(What you should do): Repeat nothing but the lines below running from the one containing "7月26日 小组赛 KAK VS Mrc" to the one containing "Idan Ravin - A". Keep both end lines.

(Supplied data):

----------

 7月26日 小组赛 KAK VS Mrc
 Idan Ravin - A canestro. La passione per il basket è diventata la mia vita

----------

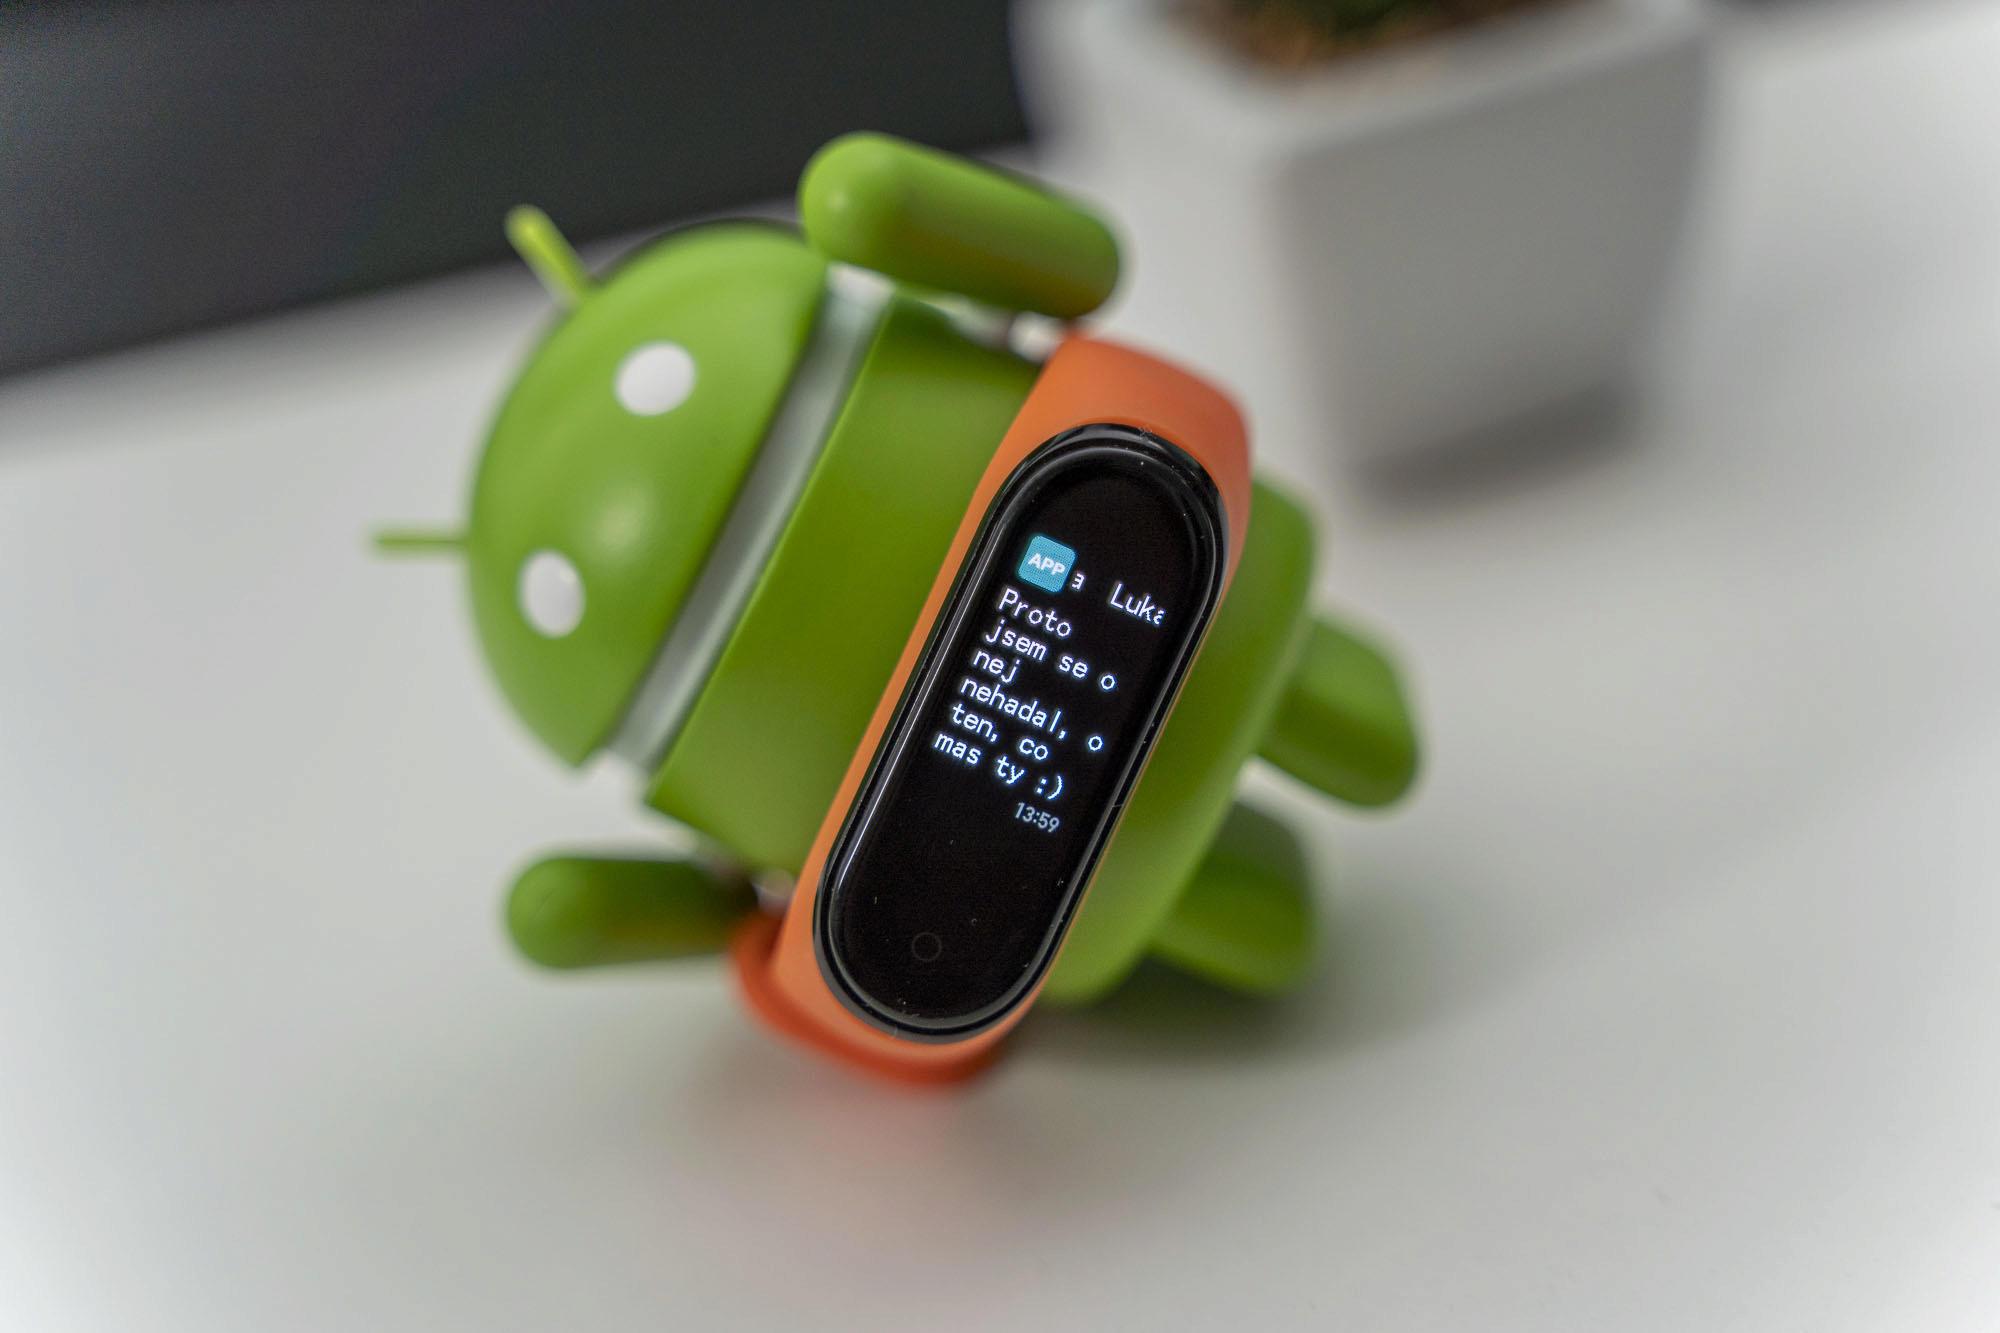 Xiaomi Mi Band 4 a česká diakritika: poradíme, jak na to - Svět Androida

----------

(Finished exercise):
 7月26日 小组赛 KAK VS Mrc
 Idan Ravin - A canestro. La passione per il basket è diventata la mia vita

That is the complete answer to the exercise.